Category Archives: Paul Tilman Smith

Collection of articles written by Paul Tilman When your father hands you a pair of drumsticks at the age of four, chances are you’ll wind up a drummer. Paul Tillman Smith’s father, George Smith (Kansas City Smitty) played drums during the big band era with many well-known bands including Count Basie, Trummer Young and the Harlem Aces. He was also a mentor to singer Pearl Bailey‘s husband drummer Louie Bellson.
At age fifteen at the urging of his mother Della, Paul began playing the piano. It was soon after that he began to write simple three chord songs like the ones he would hear on the radio. This love has lasted a lifetime.

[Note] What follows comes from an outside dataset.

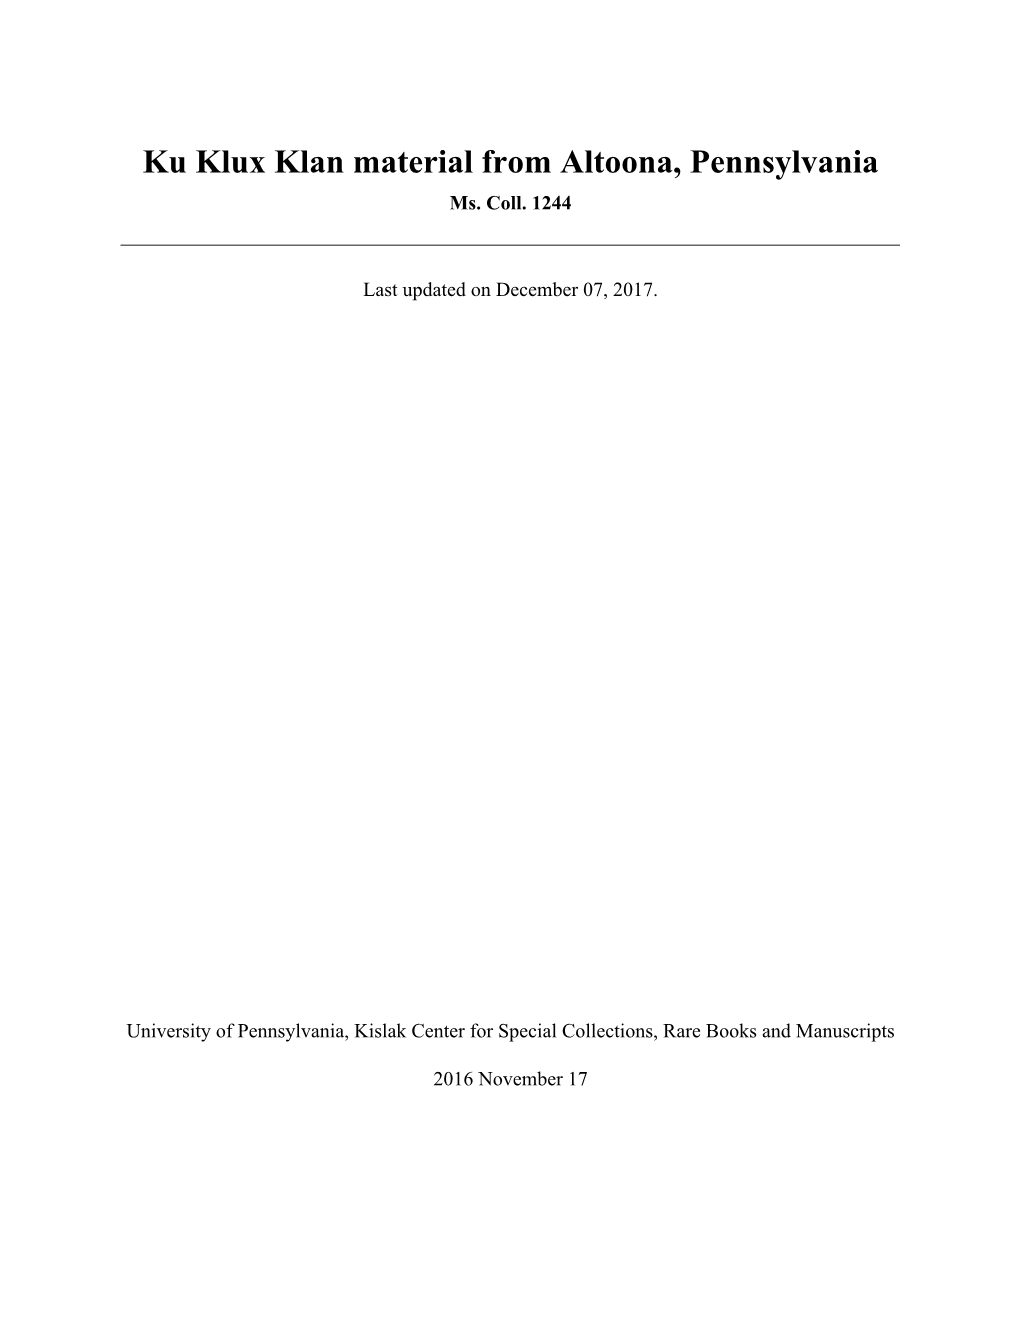 Ku Klux Klan Material from Altoona, Pennsylvania Ms

History of – Paul Tilman Smith……So Far

17/2/24
I basically started my music career as a starving avant-garde jazz drummer, 19 and almost penniless on the streets of New York’s Lower East Side in 1967. Jazz drummer Norman Connors and I were best friends and roommates for a while, the difference being he could run home to his momma in Philly to eat and my momma was way in California. Rent was like 40 dollars a month, and I was lucky if I had that. Kenny Dorham and Cecil McBee whenever I would see them on the streets always bought me food. Playing the angry experimental jazz of that era mainly with saxophonist Sonny Simmons, Pharaoh Sanders and Albert Ayler was definitely economically dangerous.